At this point, you can make changes to the grub.ima disk image, and put a GRUB config file and your kernel's binaries there.

Try mount /tftpboot/grub.ima /mnt/fpy -o loop under linux, for example.

The gPXE+GRUB2 Way

GRUB-legacy does not support newer network cards, but if you can use GRUB2 then you can piggy-back on gPXE's network support. The gPXE project is a currently-maintained, open source, free network bootloader. It is easy to get gPXE ISO, disk, or USB disk images from their website, but there is a workaround you need to apply in order to get GRUB2 to successfully load.

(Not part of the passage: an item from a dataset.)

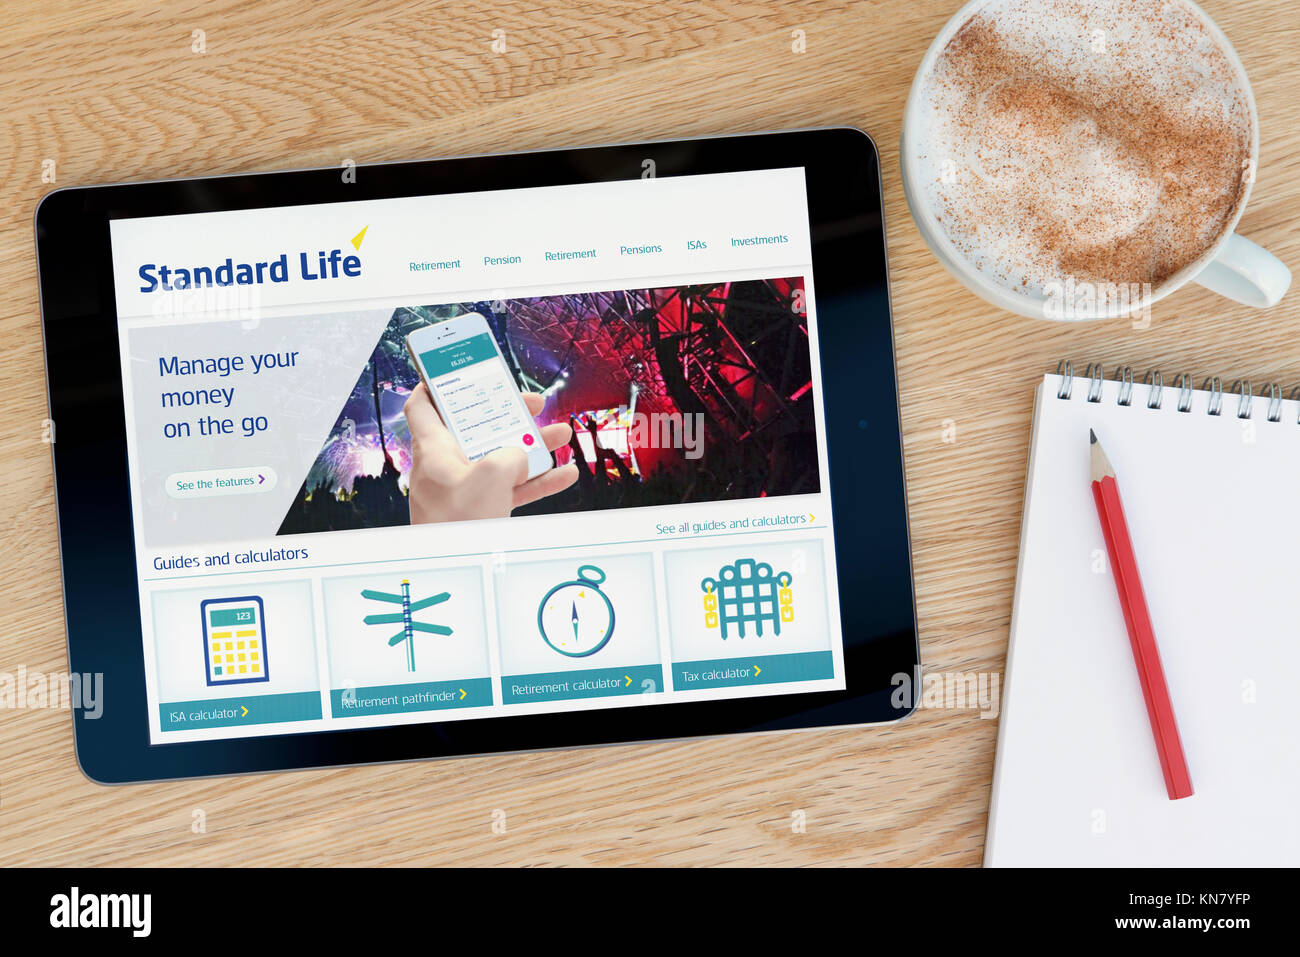 Le site web de la Standard Life sur un iPad tablet device qui repose sur une table en bois à côté d'un bloc-notes et un crayon et une tasse de café (rédaction uniquement) Banque D'Images

gPXE supports multiboot, but if it detects a multiboot image then it will not provide PXE services. Unfortunately, it detects your generated GRUB2 image as multiboot, and the only way I found to get around this was to recompile gPXE without multiboot support. Recompiling gPXE is easy: unpack it, cd src; make. Before you do that, you will want to edit src/config/defaults/pcbios.h and comment out the line that defines IMAGE_MULTIBOOT. After compiling you should be left with bin/gpxe.{dsk,iso,usb} which you can write to disk or CD.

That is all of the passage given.